Reversing yet another of his predecessor’s actions on energy and the environment, President Trump on Friday signed an executive order that paves the way for a massive increase in offshore oil-and-gas drilling.
In brief remarks at the White House, Mr. Trump said the order — which is likely to result in new energy exploration in the Atlantic, Pacific and Arctic oceans, as well as in the Gulf of Mexico — will boost the nation’s economy and directly create jobs. The order undoes former President Obama’s ban on new offshore drilling leases in the Atlantic and Arctic, which was put in place during the final weeks of his term.
It also directs Interior Secretary Ryan Zinke to conduct a more thorough review of the nation’s entire offshore drilling policy.
“We’re opening it up,” the president said. “Today we’re unleashing American energy and clearing the way for thousands and thousands of high-paying American energy jobs. Our country is blessed with incredible natural resources, including abundant offshore oil and natural gas reserves … This executive order starts the process of opening offshore areas to job-creating energy exploration. It reverses the previous administration’s Arctic leasing ban, so hear that — it reverses the previous administration’s Arctic leasing ban, and directs Secretary Zinke to allow responsible development of offshore areas that will bring revenue to our treasury and jobs to our workers.”
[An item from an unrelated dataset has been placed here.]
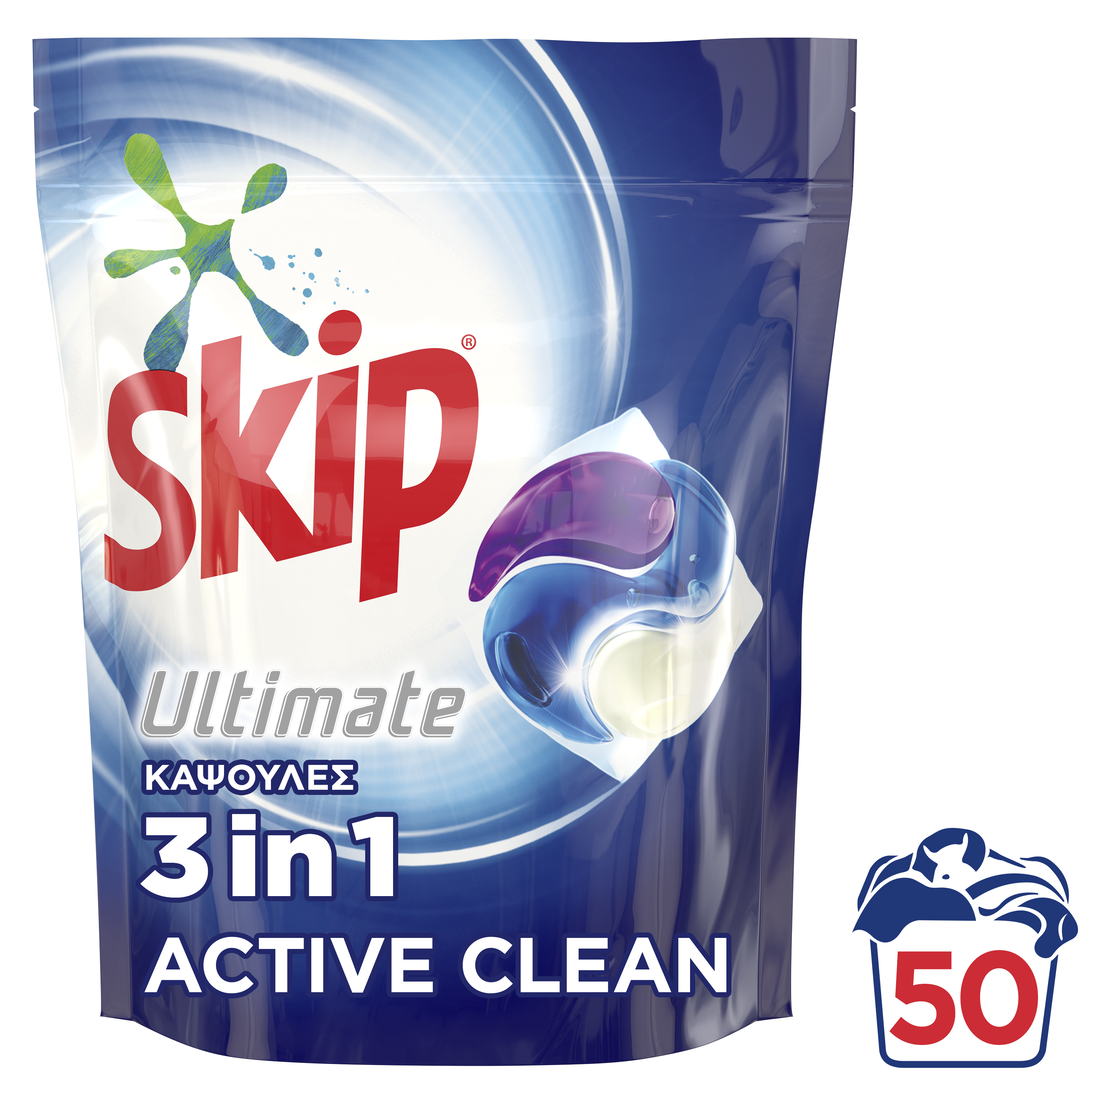 Skip - 108 lavages - Capsules 3-en-1 SKIP Lessive Hygiène (Lot de 3x36)

Environmentalists immediately panned the move and said it’s yet another sign that the White House is beholden to the fossil fuels industry.
“When President Obama withdrew irreplaceable and sensitive waters of the Arctic Ocean and important parts of the Atlantic Ocean from offshore drilling, it was a bold step in protecting these seas for our future and girding the global community against the worst effects of climate change,” said Trip Van Noppen, president of the environmental group Earthjustice. “Trump is again going all-in for his Big Oil backers, with an executive order that attempts to undo President Obama’s historic action.”
The White House and outside specialists have estimated that as much as 94 percent of the nation’s offshore areas remain closed off to energy exploration. Federal revenues from offshore drilling leases have dropped from about $18 billion in 2008 to about $2.8 billion in 2016, according to the Interior Department.
Opening up at least some of the off-limits area will be a boon for the nation’s economy, according to Karen Harbert, president and CEO of the U.S. Chamber of Commerce’s Institute for 21st Century Energy.
“Now, the Trump administration is stepping in to take immediate action that will bring back production in parts of the Arctic and Atlantic that were taken off limits, and also conduct a more comprehensive review of our offshore policies,” she said. “We are hopeful that this evaluation will lead to opportunities for production in the Mid-Atlantic, the Gulf of Mexico, including the Eastern Gulf of Mexico, and expanded access in Alaska.”